Your goal => Pictures in the listing below are skipped, while the lines from the "A line of heavy" line through the "A Photo of Teak" line are returned word for word.

Study material =>
- Opening Delimiter -

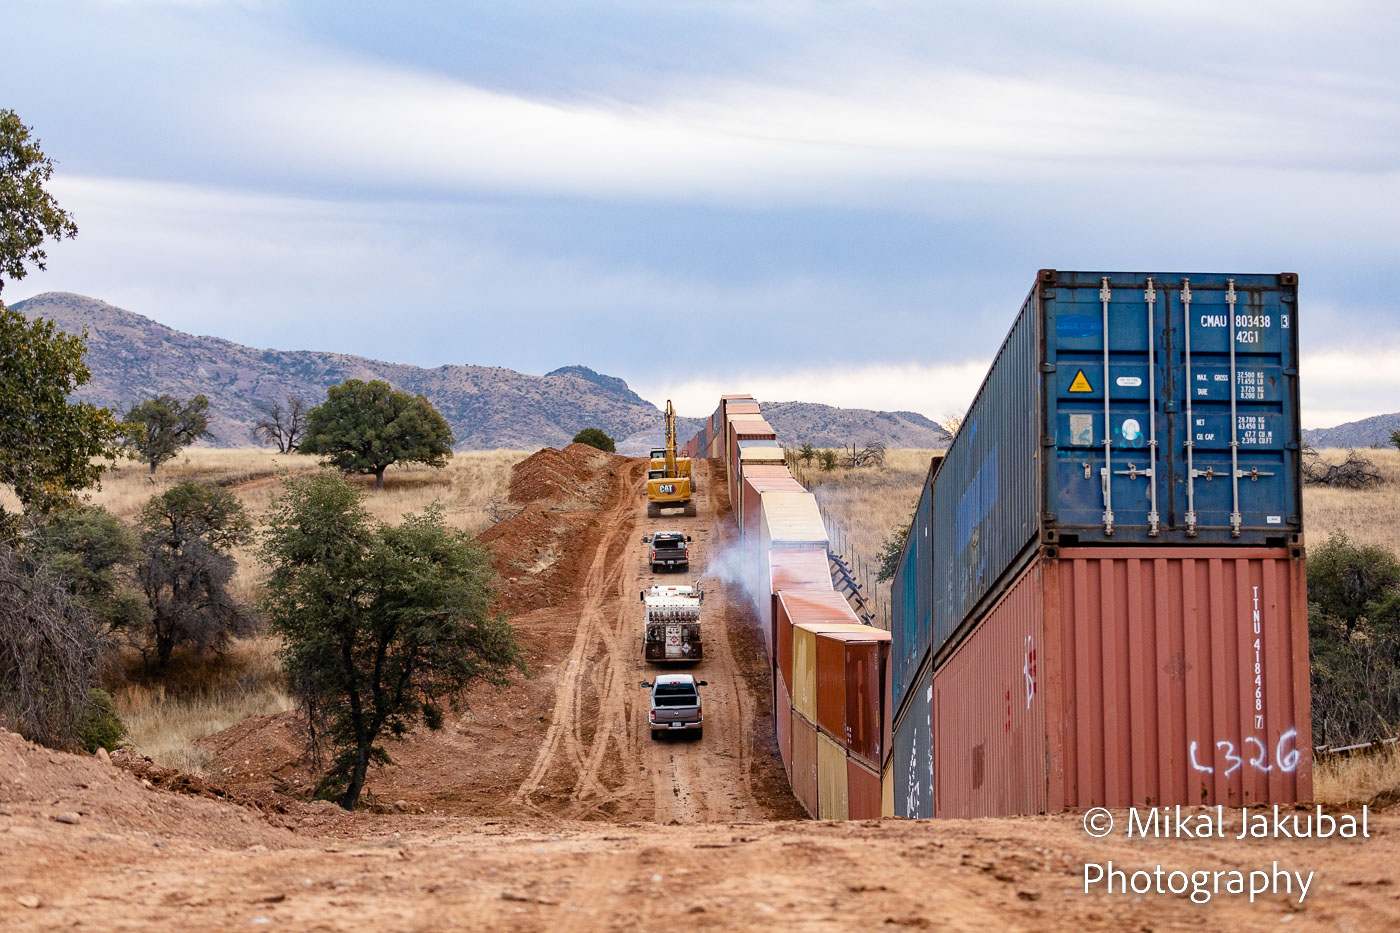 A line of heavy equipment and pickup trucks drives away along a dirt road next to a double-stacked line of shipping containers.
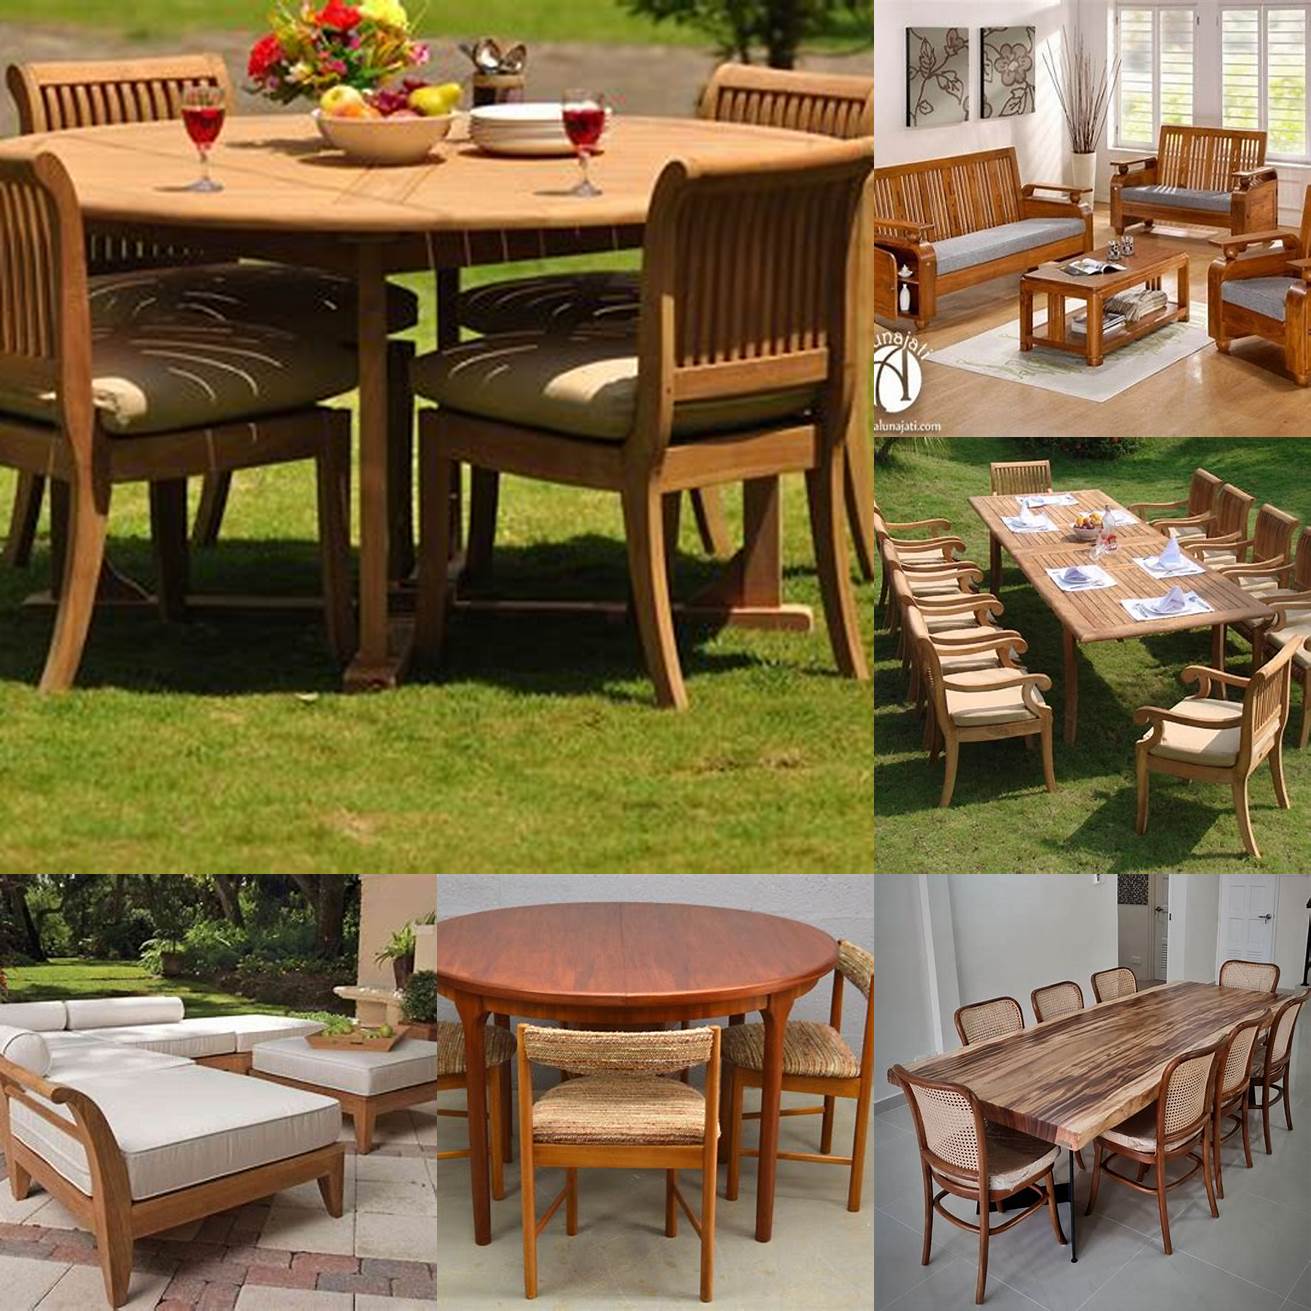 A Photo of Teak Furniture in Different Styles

- Closing Delimiter -
- Opening Delimiter -

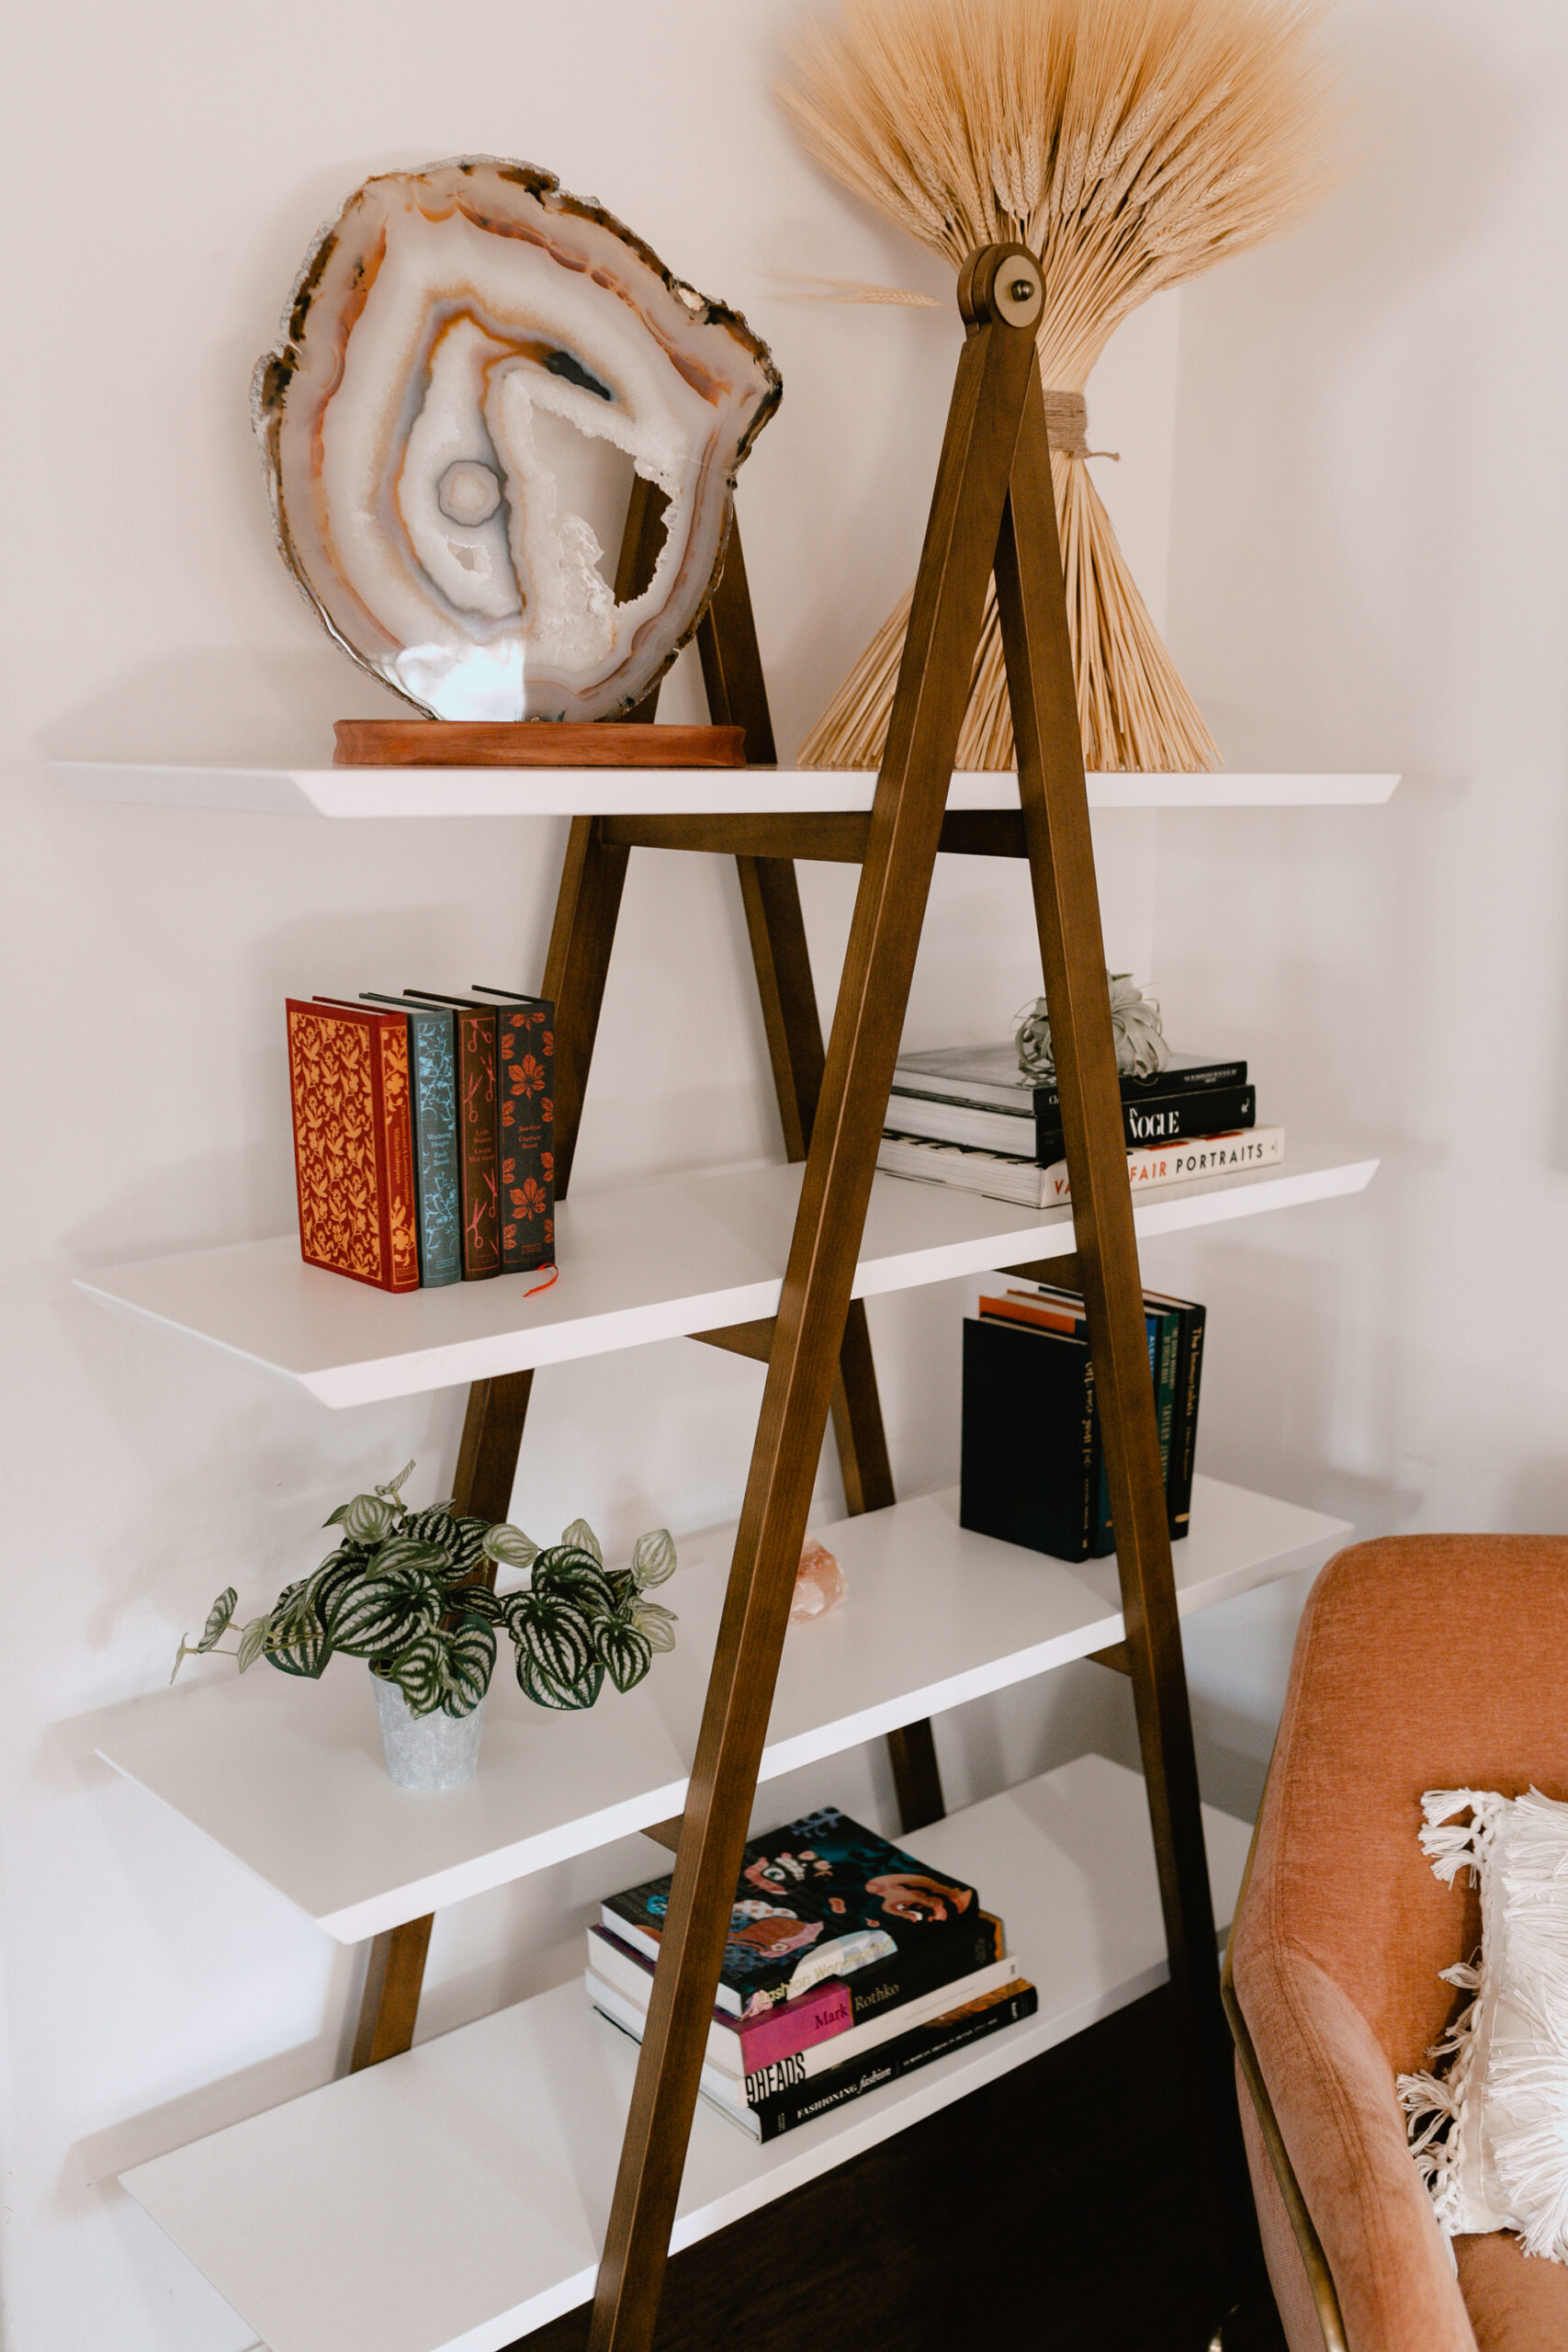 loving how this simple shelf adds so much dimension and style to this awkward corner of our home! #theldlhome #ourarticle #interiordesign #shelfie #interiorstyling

- Closing Delimiter -

Output =>
 A line of heavy equipment and pickup trucks drives away along a dirt road next to a double-stacked line of shipping containers.
 A Photo of Teak Furniture in Different Styles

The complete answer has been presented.